***** Information shown *****

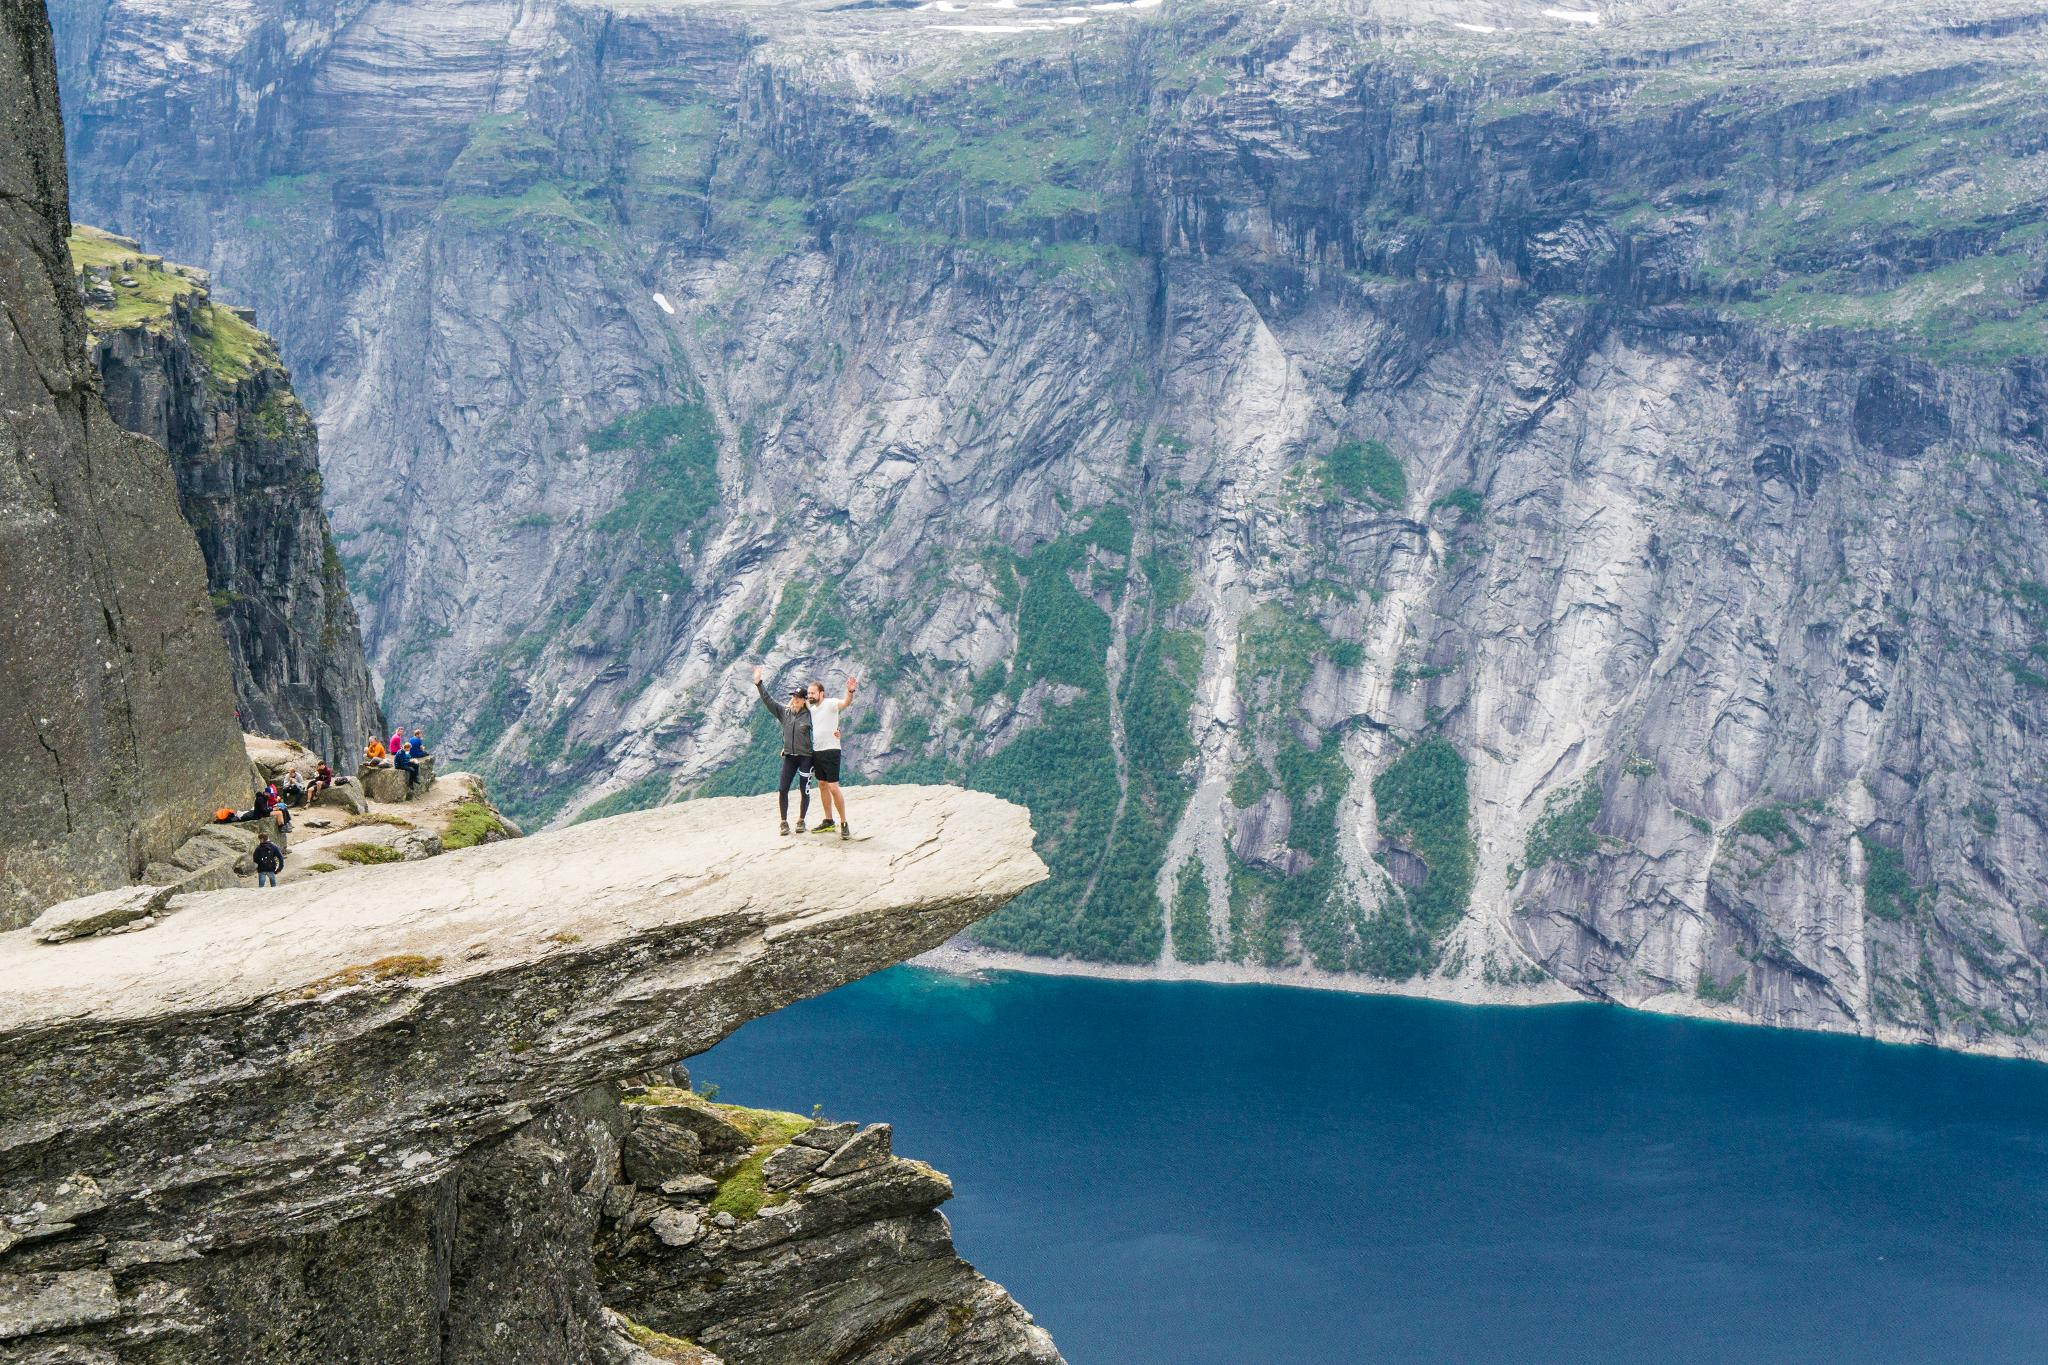 【北歐景點】挪威惡魔之舌 Trolltunga — 28公里健行挑戰全攻略 222
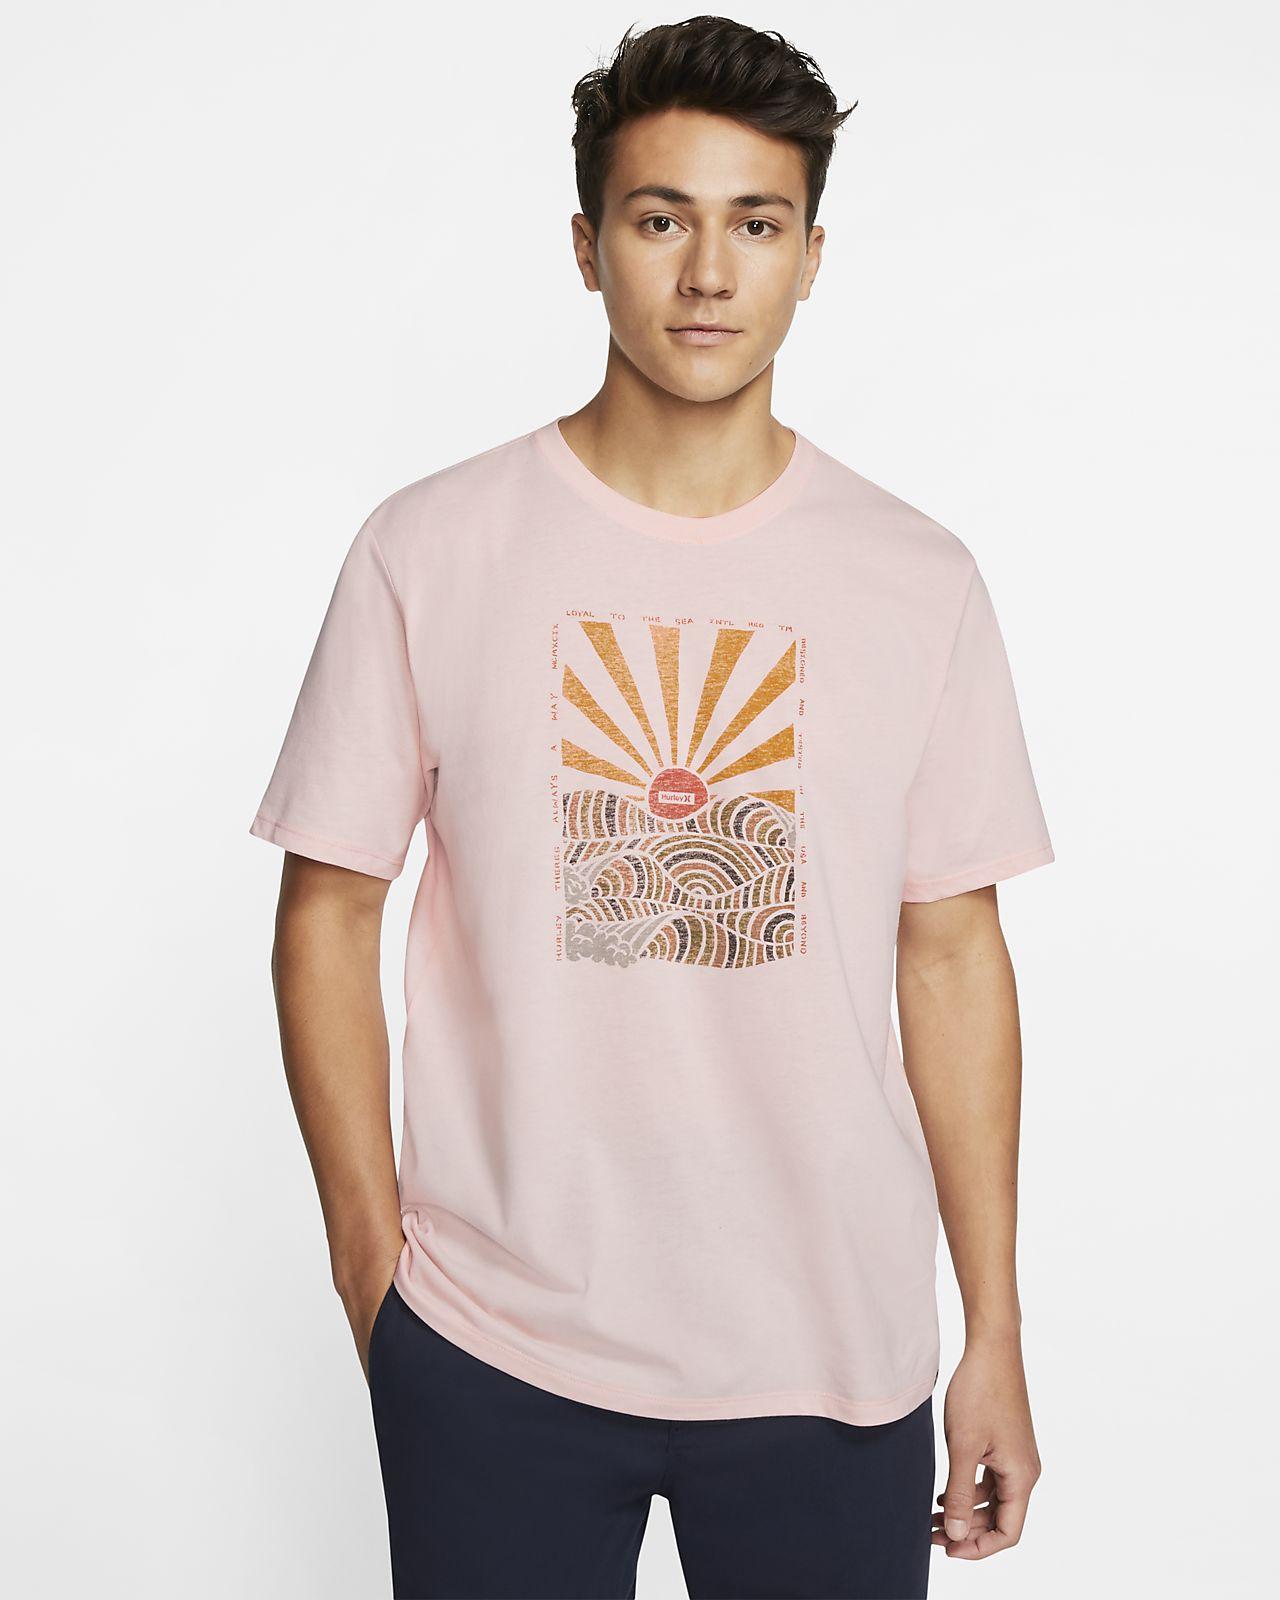 Pánské tričko Hurley Dri-FIT Interval s prémiovým střihem
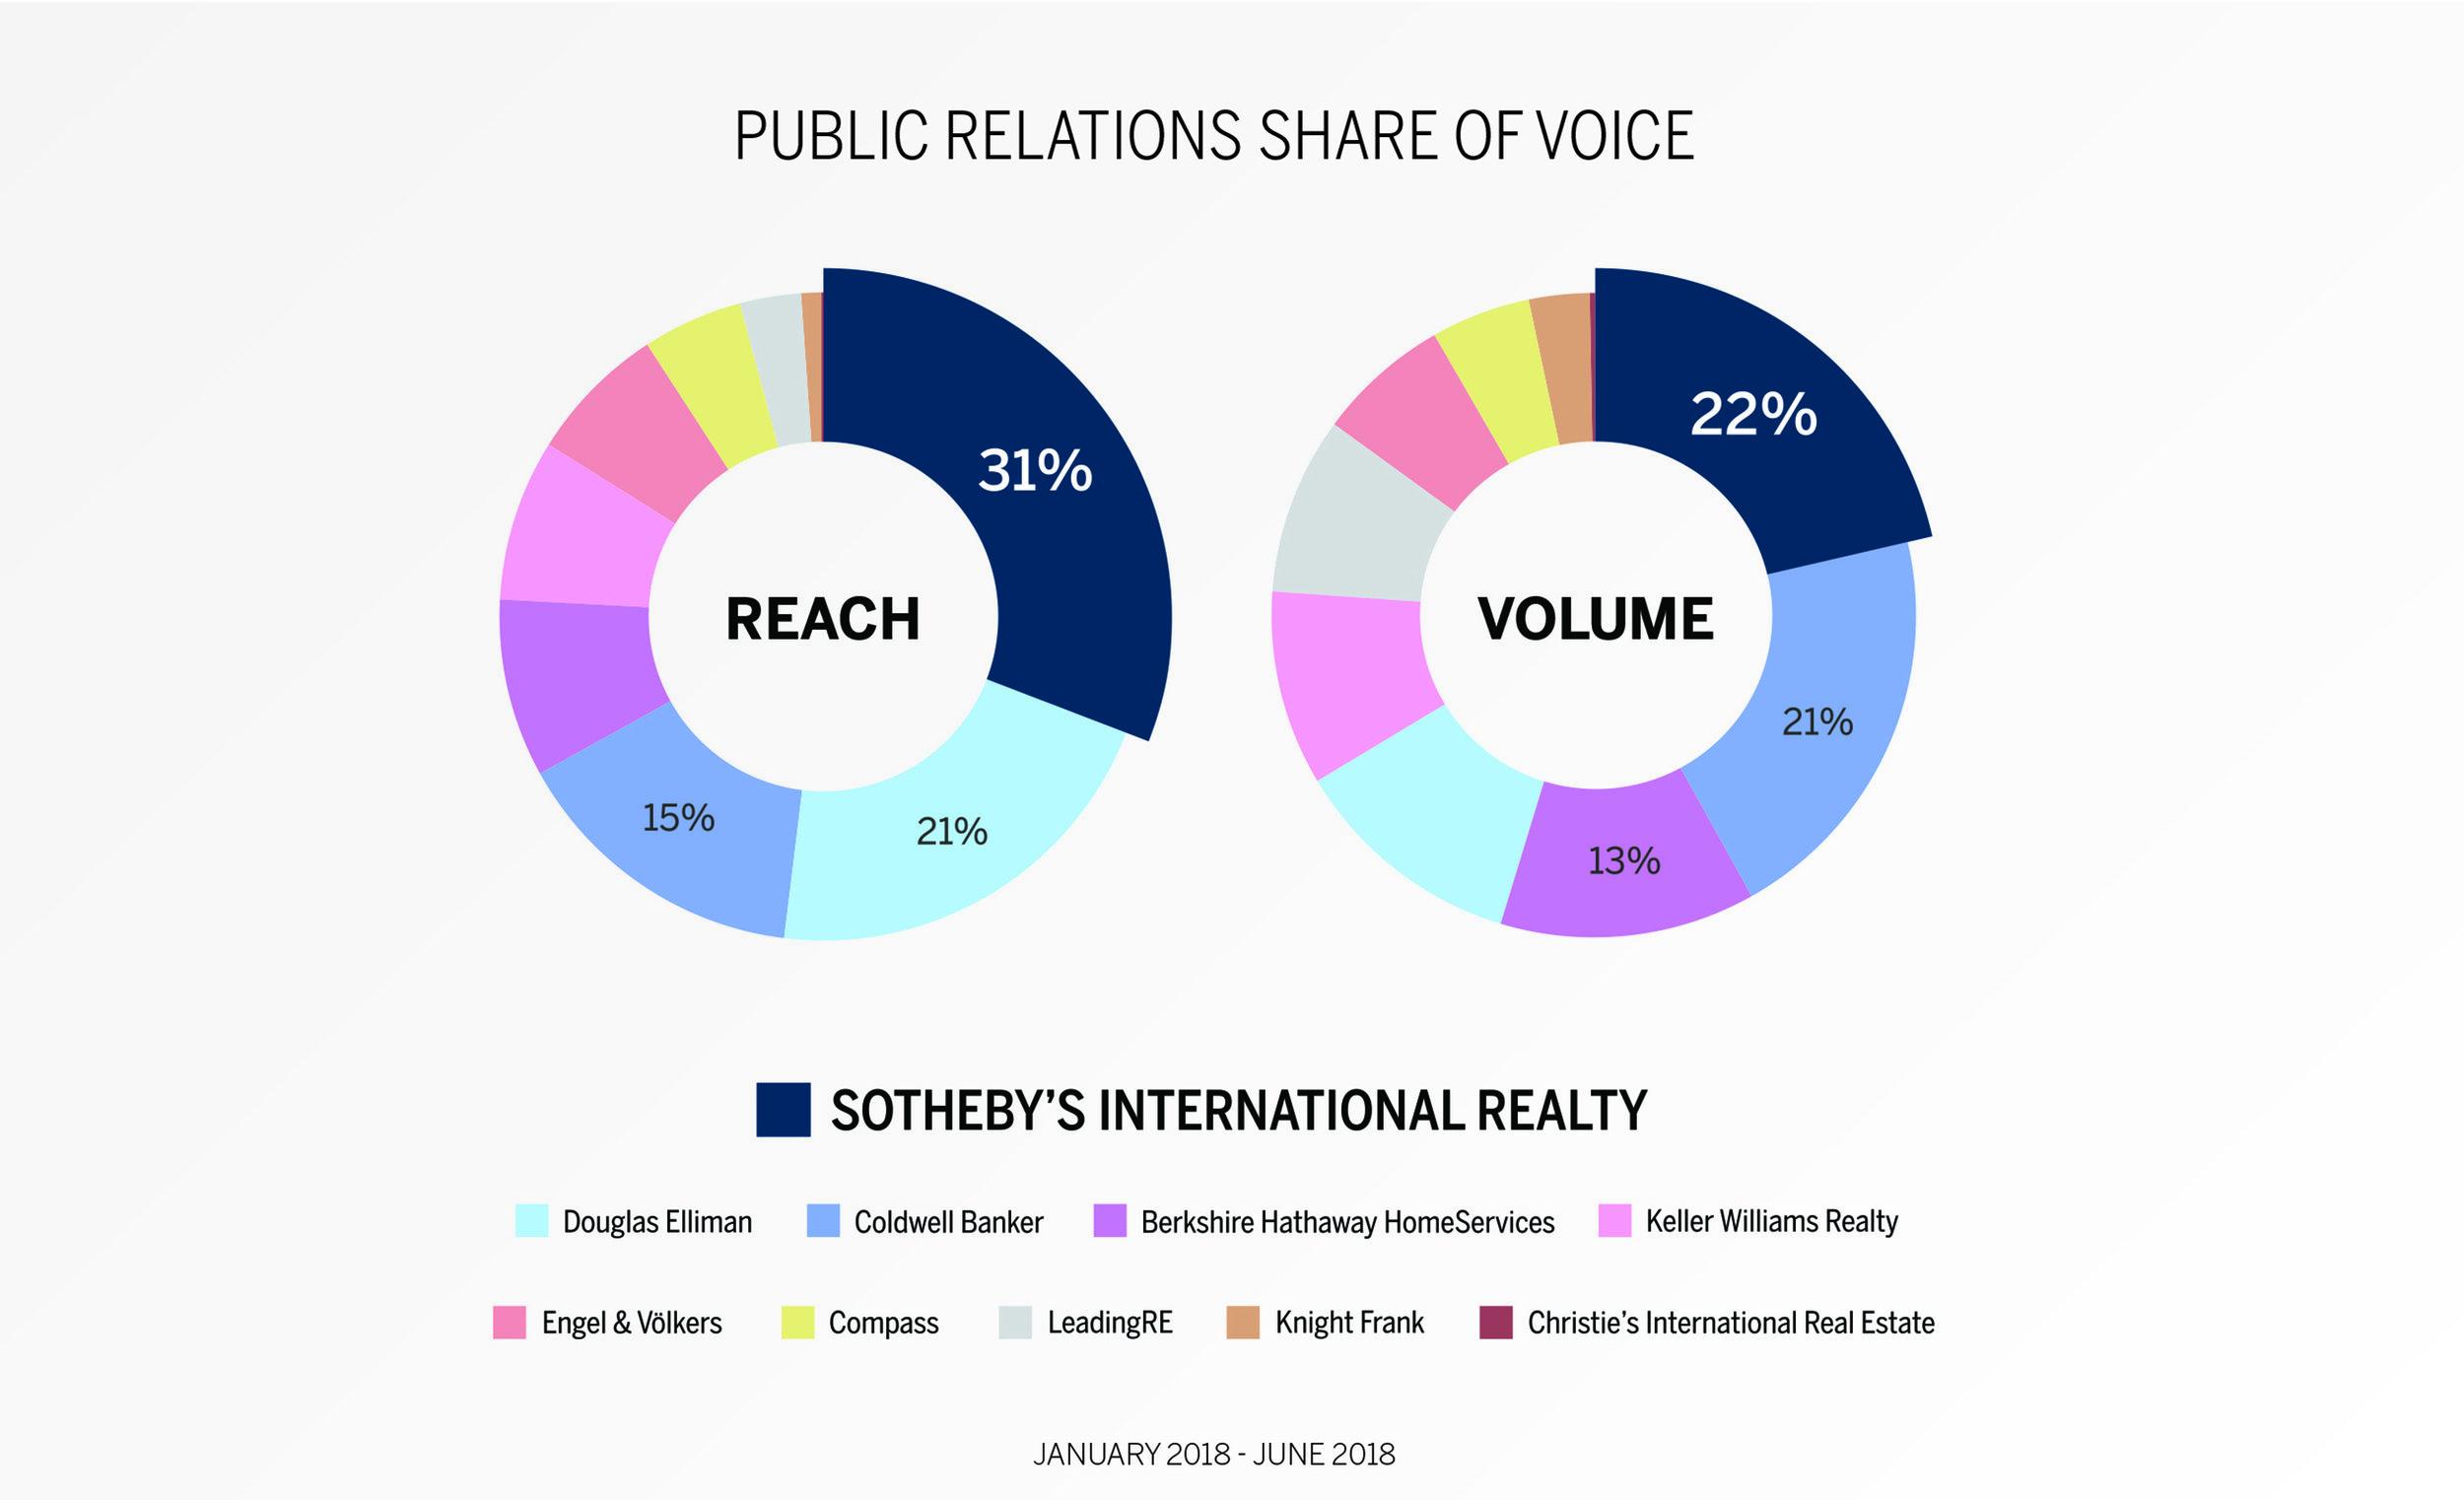 VoiceOFLuxury3.jpg

*****

# What is expected
Restate the data word for word and exclude every picture.

# Task output
 【北歐景點】挪威惡魔之舌 Trolltunga — 28公里健行挑戰全攻略 222
 Pánské tričko Hurley Dri-FIT Interval s prémiovým střihem
 VoiceOFLuxury3.jpg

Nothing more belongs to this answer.